* Task brief: Copy the listing exactly, please, and keep every picture out of it.

* Data excerpt:
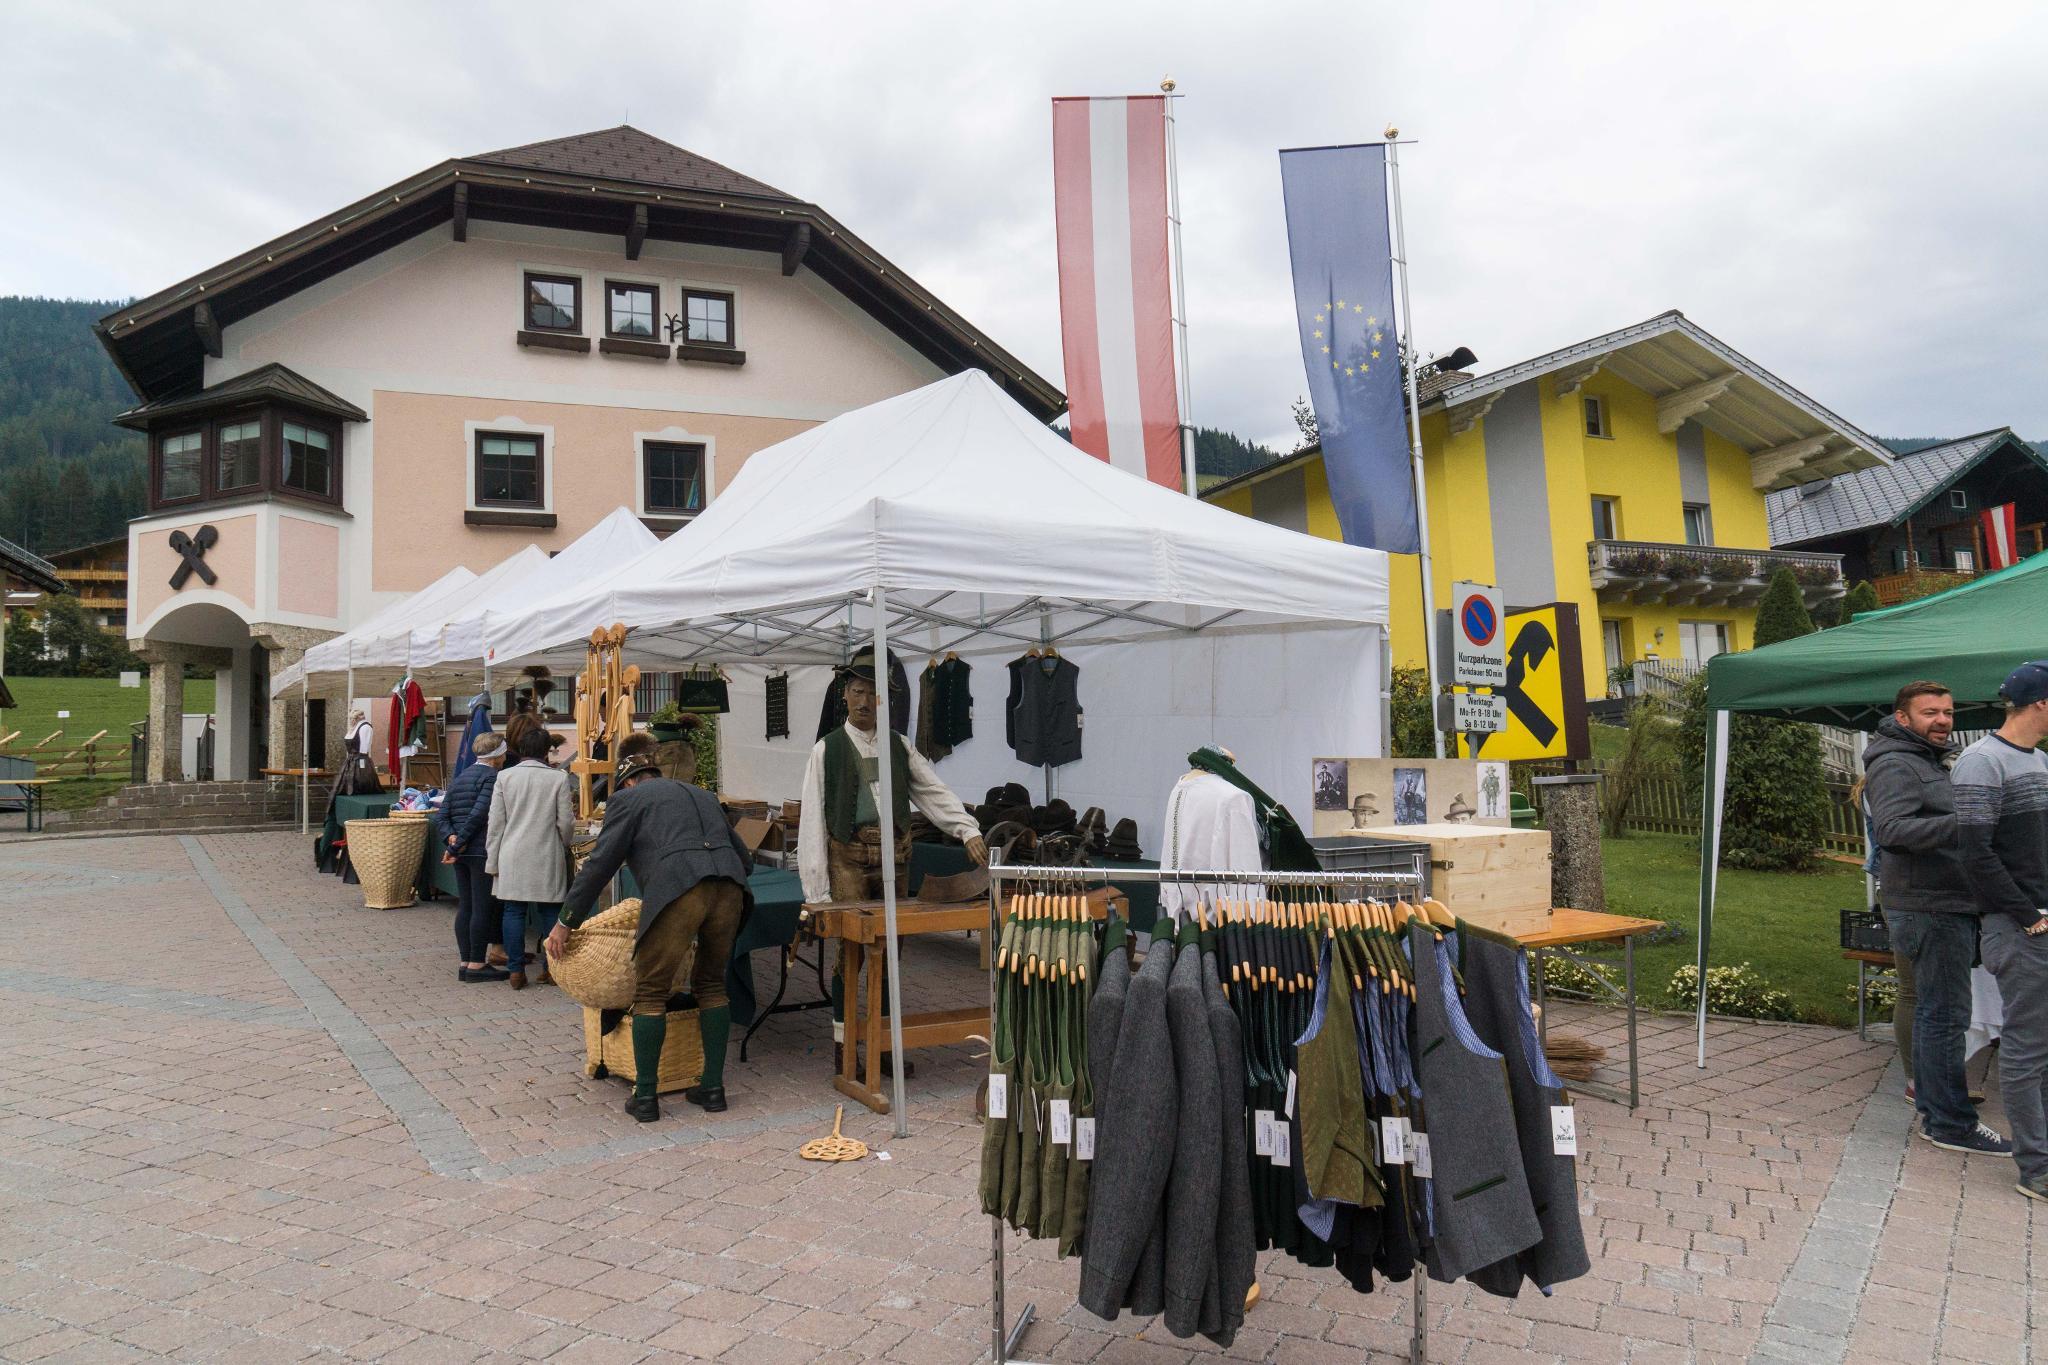 【奧地利】阿爾卑斯迷迷路!遇見美麗的奧地利風情小鎮:滕嫩山麓聖馬丁 9
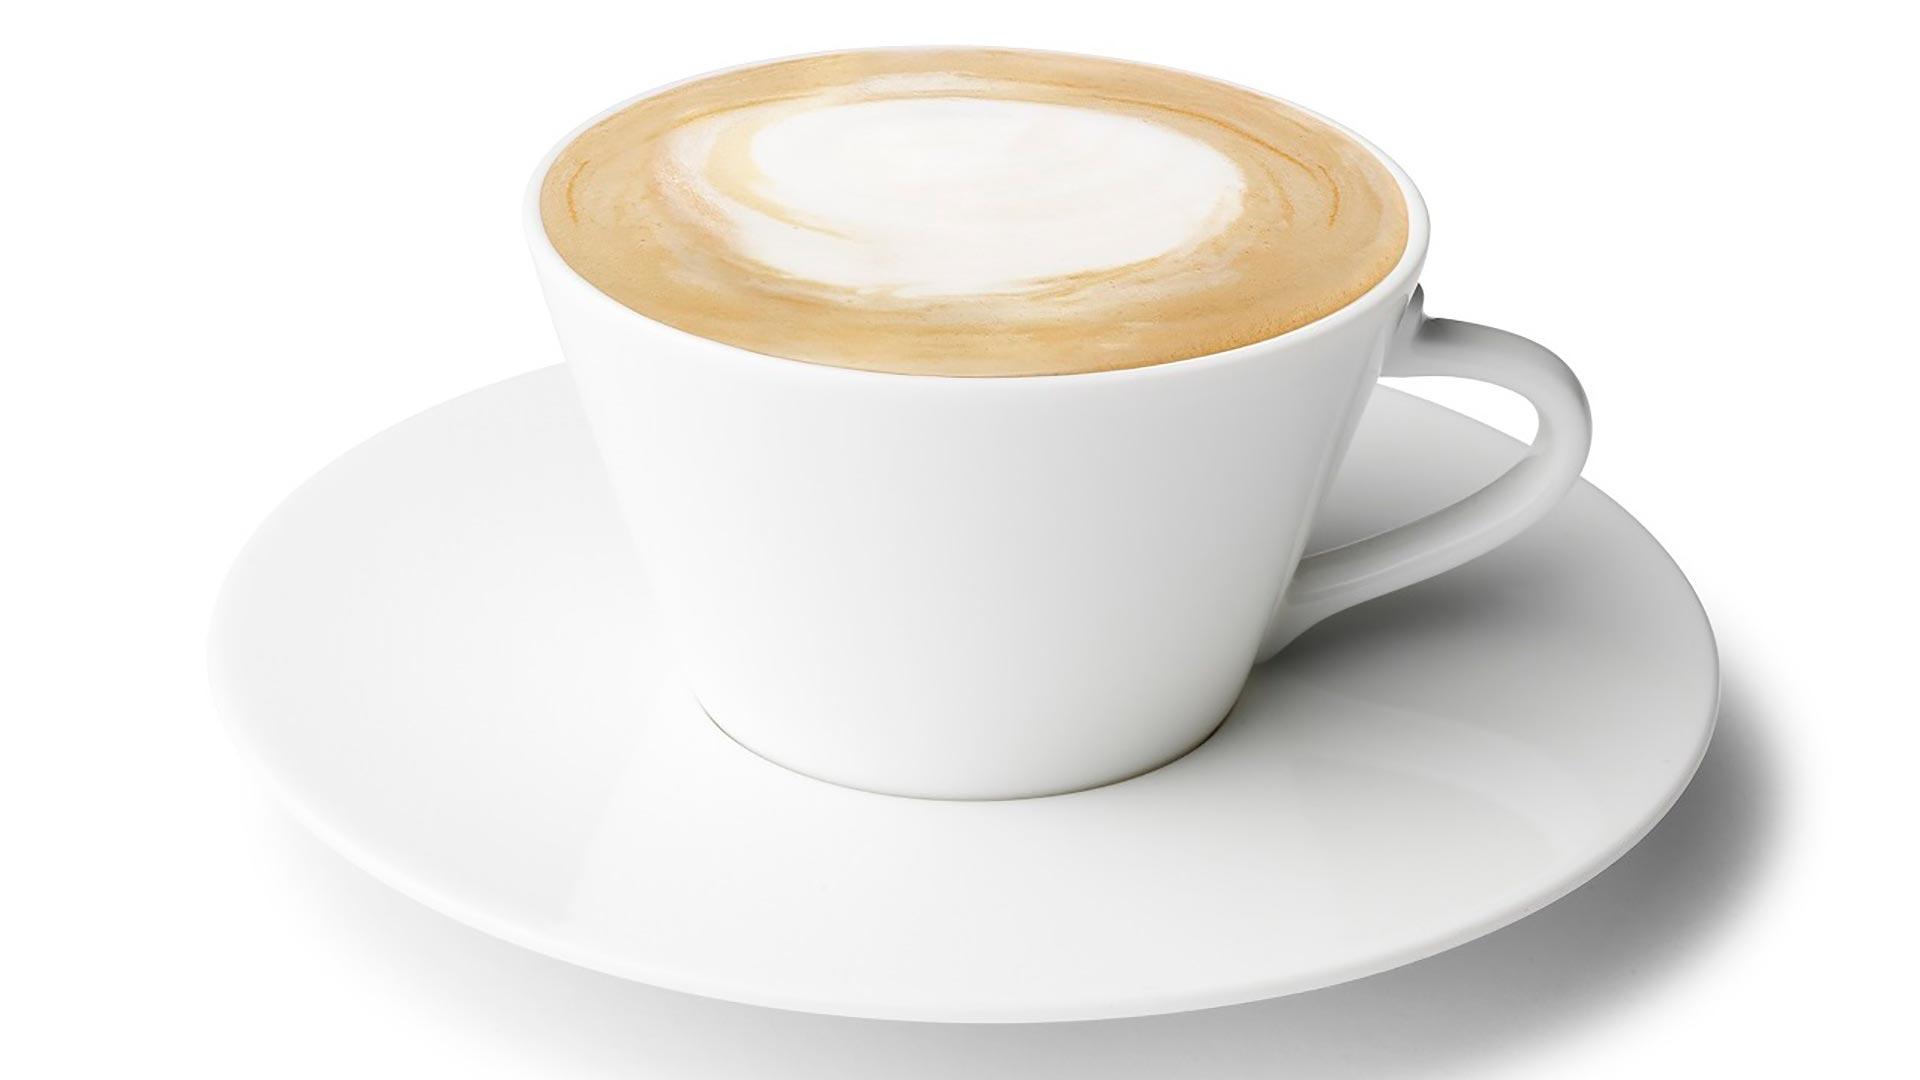 Caf nonna de exportaci n for Taza de cafe con leche
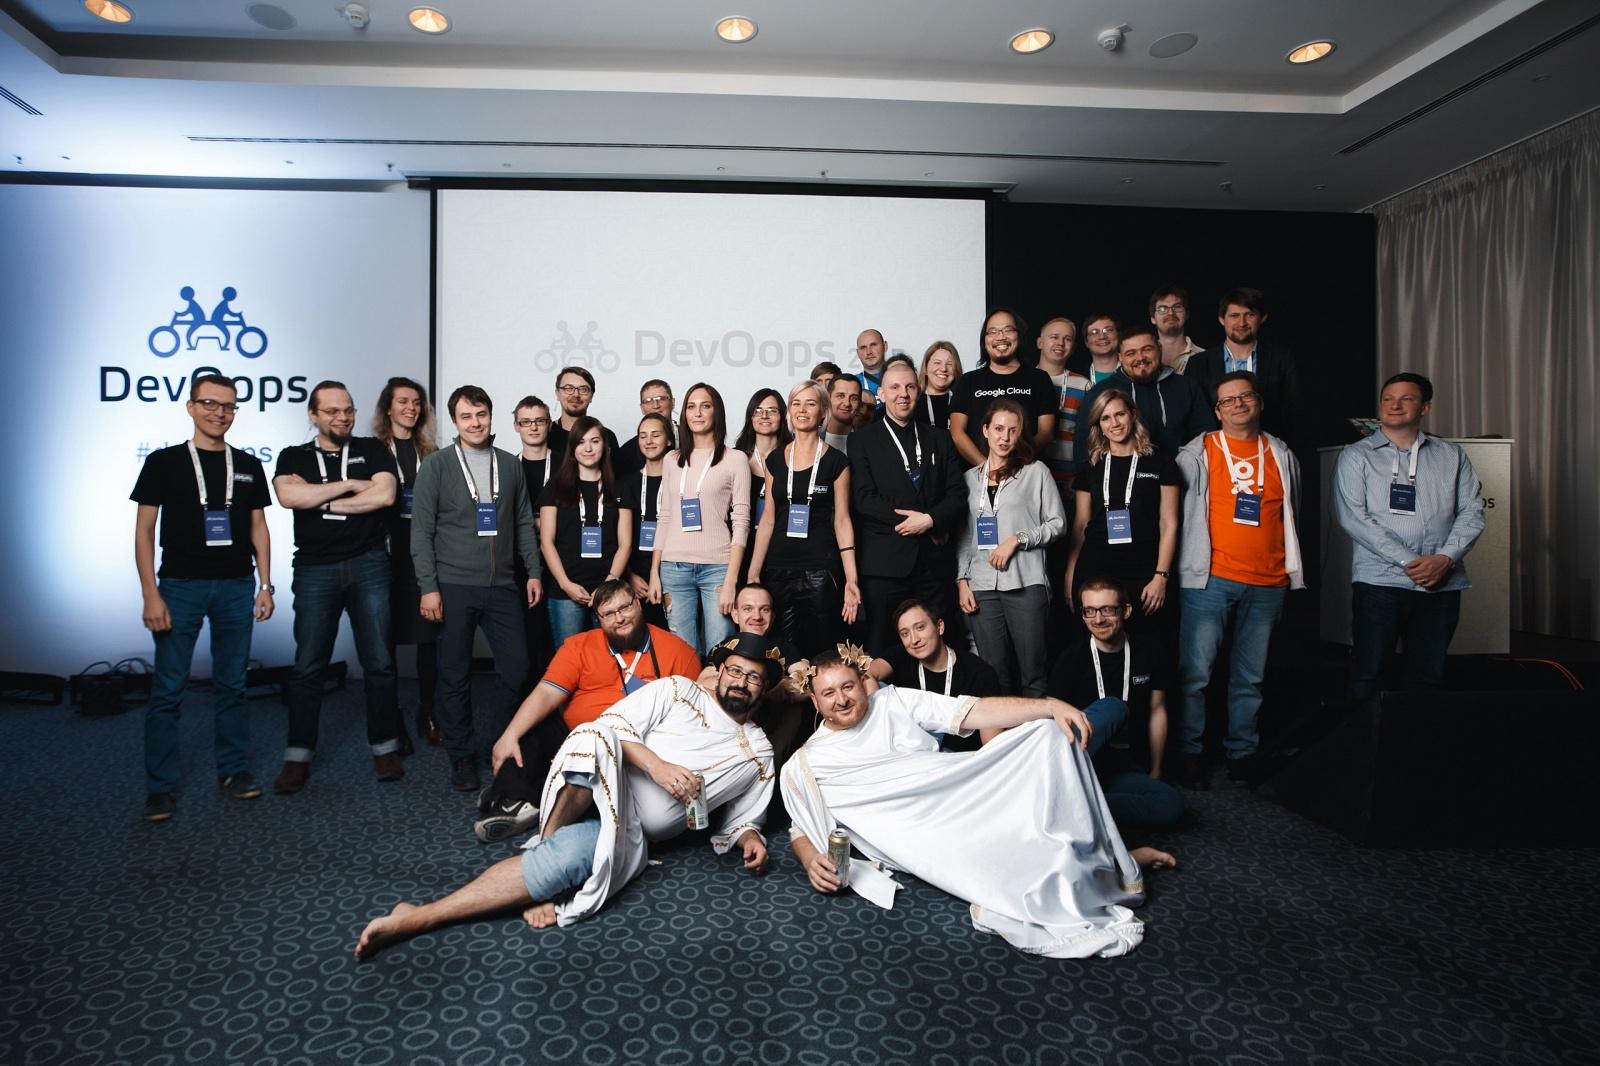 DevOops 2018: бесплатная онлайн-трансляция, вечеринка и многое другое - 7

* Result:
 【奧地利】阿爾卑斯迷迷路!遇見美麗的奧地利風情小鎮:滕嫩山麓聖馬丁 9
 Caf nonna de exportaci n for Taza de cafe con leche
 DevOops 2018: бесплатная онлайн-трансляция, вечеринка и многое другое - 7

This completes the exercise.